In 1947, a Filipino seaman by the name of Tomas Cloma “discovered” certain island in the Spratlys. In 1950, Philippine President Elpidio Quirino said that “as long as China (ROC) held the Spratlys, the Philippines would not press its claim. Interpreted otherwise, if the islands are controlled by the People’s Republic of China, the Philippines would press its claim on the ground that its proximity is a threat to our national security.

After World War II, a peace treaty was concluded in San Francisco and signed on September 8, 1951. It provided in Chapter II, Territory, Article 2, Section b, and Subsection (i) that “Japan renounced all right, title and claim to the Spratly islands and to the Paracel islands.” The Philippines ratified the treaty on July 16, 1956. The Philippine delegation was composed of Carlos P. Romulo, J. M. Elizalde, Vicente Francisco, Diosdado Macapagal, Emilano V. Tirona, and Vicente G. Sinco.

The Treaty has to be interpreted in the context that Japan occupied the Spratly and Paracel Islands during the war. It is being asked to renounce its right, title and claim over those islands was a mandate to Japan to return them to China.

In less than a year after the San Francisco Treaty was concluded, Republic of China and Japan signed a peace agreement on April 28, 1952. Article 2 of the Peace agreement provides, to quote: “It recognizes under Article 2 of the Treaty of Peace which Japan signed at the Treaty of San Francisco on September 8, 1951 x x x, Japan renounced all right, title and claim to Taiwan (Formosa) and Penghu (the Pescadores) as well as the Spratly islands and the Paracel islands.” The peace treaty has reference to Taiwan’s claim over these islands because of the on-going civil war between the China and Taiwan.

We must take note that before the final draft of the San Francisco Peace Treaty was issued in September, 1951, Foreign Minister Zhou Enlai stated China’s position, that the consignment of the islands in the SCS to Taiwan was illegal and should not be recognized. Besides, China was protesting to its exclusion to the negotiation. Specifically, China claimed that Xisha (Paracel Islands), Nansha (Spratly Islands) and Dongsha (Pratas Islands) in the South China Sea were actually part of China. The treaty either did not address these islands, or that Pratas Islands be turned over to the UN as trusteeship territories.

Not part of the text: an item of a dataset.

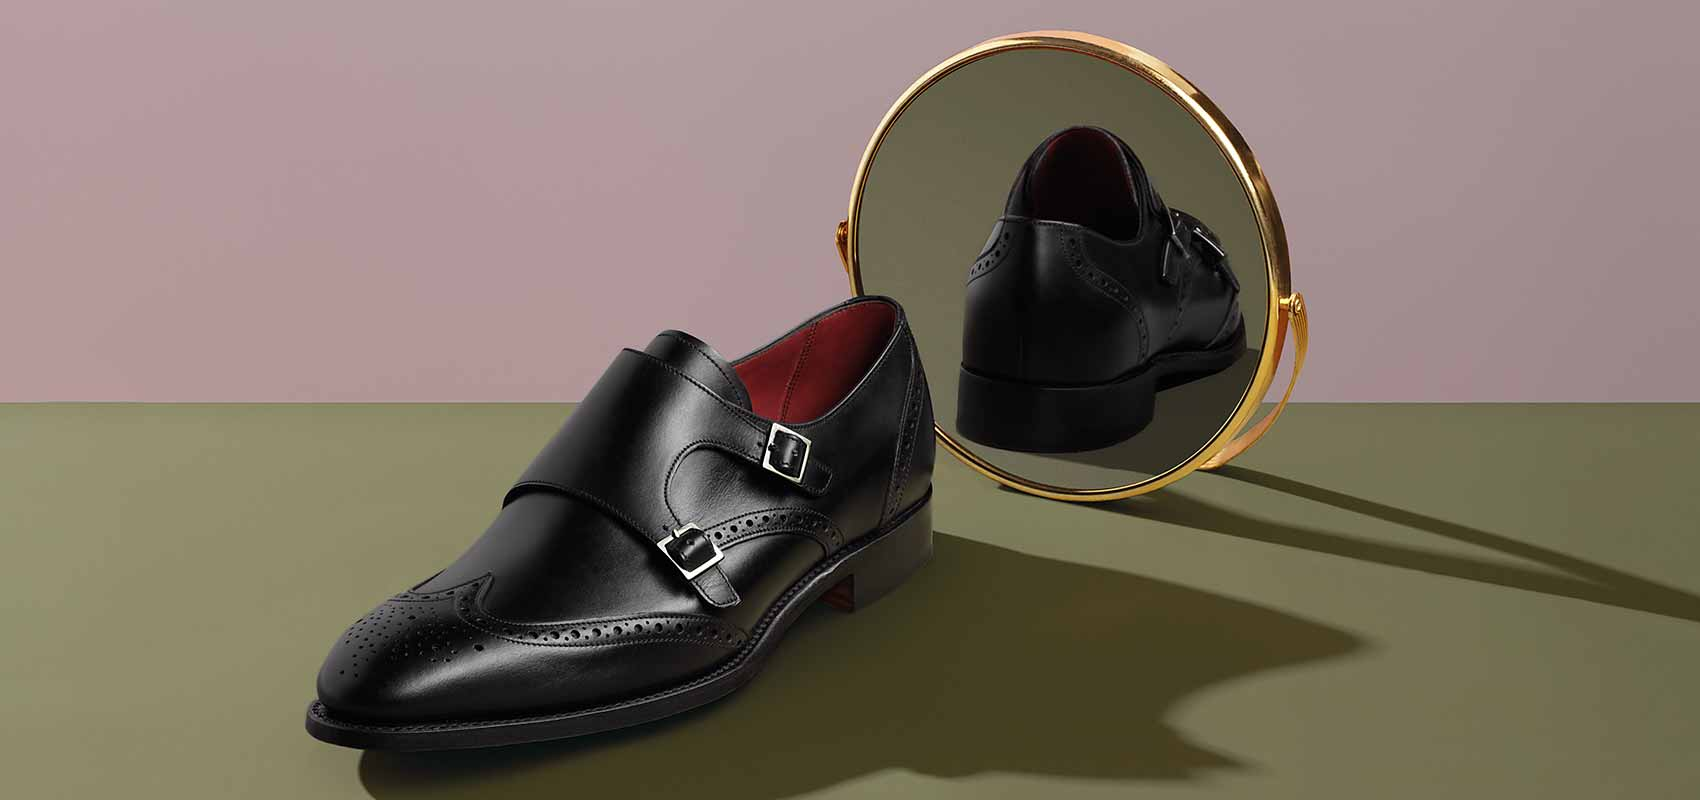 Luxury double Monk shoes

Looking at the dates, one wonders how the PAC arrived at the decision when documents show that Spratly is outside of our territory. On the contrary, it was the adoption of the 200-mile limit by UNCLOS that created confusion resulting in the overlapping of claims over territorial waters plus our lack of understanding of such concepts of sovereignty over these islands to differentiate it from sovereign right over the exclusive economic zone notwithstanding that Senator Arturo Tolentino made a unique demarcation of our archipelago and called it the “Archipelagic Doctrine.”